David Klech (born April 29, 1988 in Walnut Creek, California) is an American decathlete. He attended the University of Oregon, after transferring from the University of California, Los Angeles.

Athletic career

Prep
One of the most dominant high school athletes of his time, Klech was a stand-out in nearly all track & field events.  Klech won a bronze medal in a tight finish in the 400 meter hurdles at the 2005 World Youth Championships in Athletics in Marrakesh.  That medal was advanced to silver when the winner, Abdulagadir Idriss, was disqualified for doping.  Klech was credited with the same time as eventual winner Mohammed Daak.
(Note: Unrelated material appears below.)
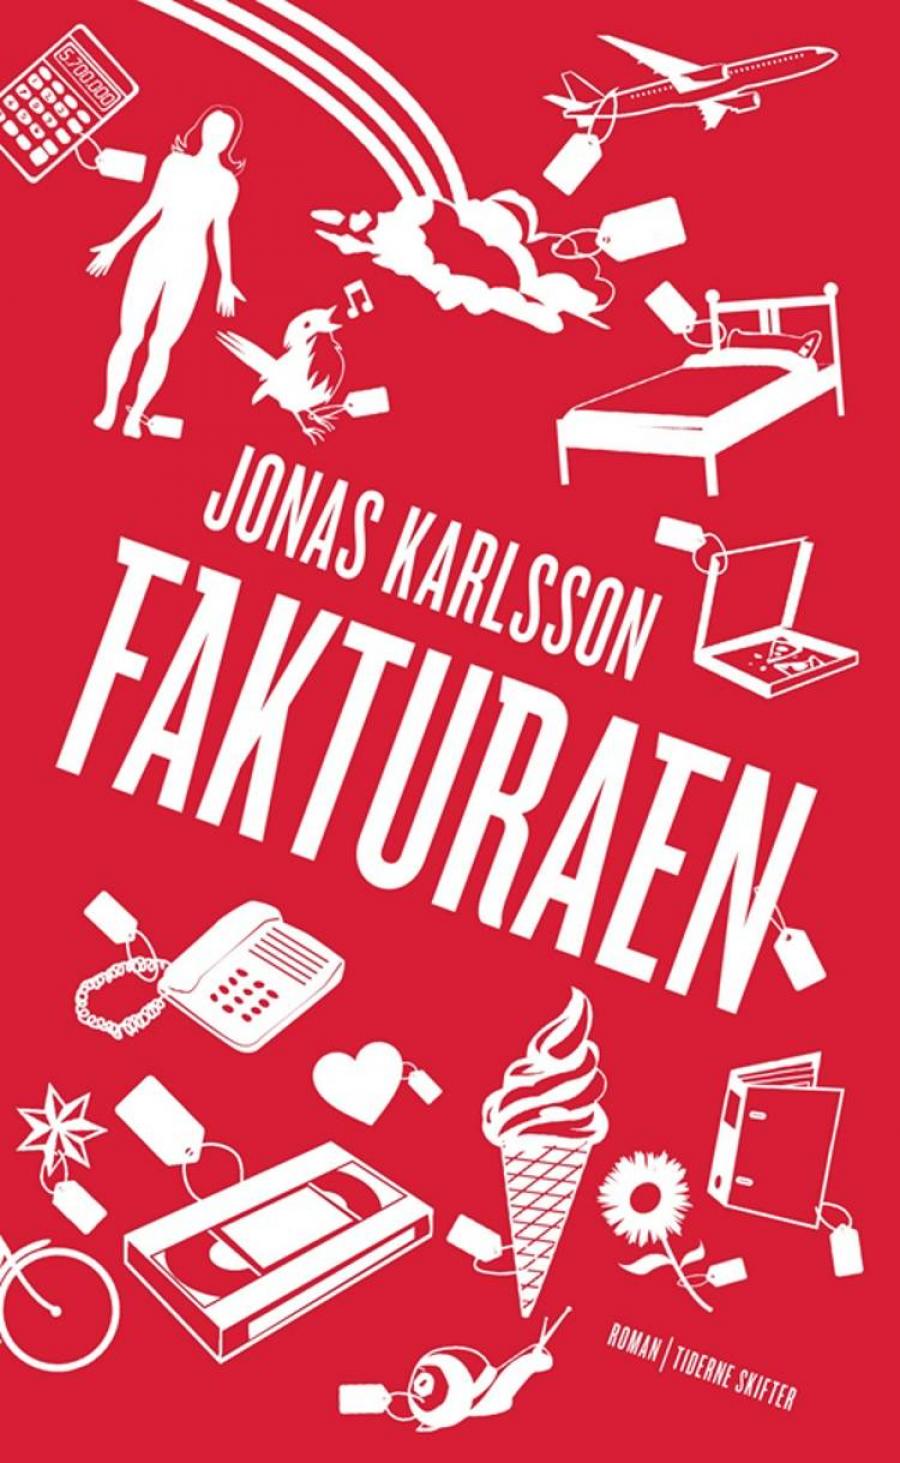 Fakturaen af Jonas Karlsson

In 2006, his senior year, Klech represented California High School in San Ramon, California with a national high school leading 300 meter hurdles time of 35.45, set at the Arcadia Invitational, and a 400 meter hurdles time of 50.35 set at the Stanford Invitational.  He won the 300 hurdles at the CIF California State Meet, defeating both Jeshua Anderson and Reggie Wyatt, future national record holders.  He also long jumped .

For his record-setting senior year, David Klech was named the 2005-2006 Gatorade High School Track and Field Athlete of the Year.

University of California, Los Angeles
Klech ran with the UCLA Bruins during his freshman year, 2006-2007.  At UCLA, Klech was hampered by injuries. He only competed three times in outdoor track, and none of his marks were close to what he had achieved one year earlier in high school.  He was released by UCLA at the end of his freshman year, in June 2007.  He then transferred to University of Oregon and sat out (redshirted) the 2007-2008 season.

University of Oregon
At University of Oregon, Klech primarily competed in the 400 meter hurdles and high jump from 2009-2011.

As a fifth year senior, Klech began competing in the decathlon for the first time. Despite his inexperience, he finished 16th in the decathlon at the 2011 NCAA Men's Division I Outdoor Track & Field Championships and sixth in the heptathlon at the 2011 NCAA Men's Division I Indoor Track and Field Championships.  He was named a 2011 Indoor Track & Field All-American in the heptathlon and a 2011 Outdoor Track & Field All-American in the decathlon.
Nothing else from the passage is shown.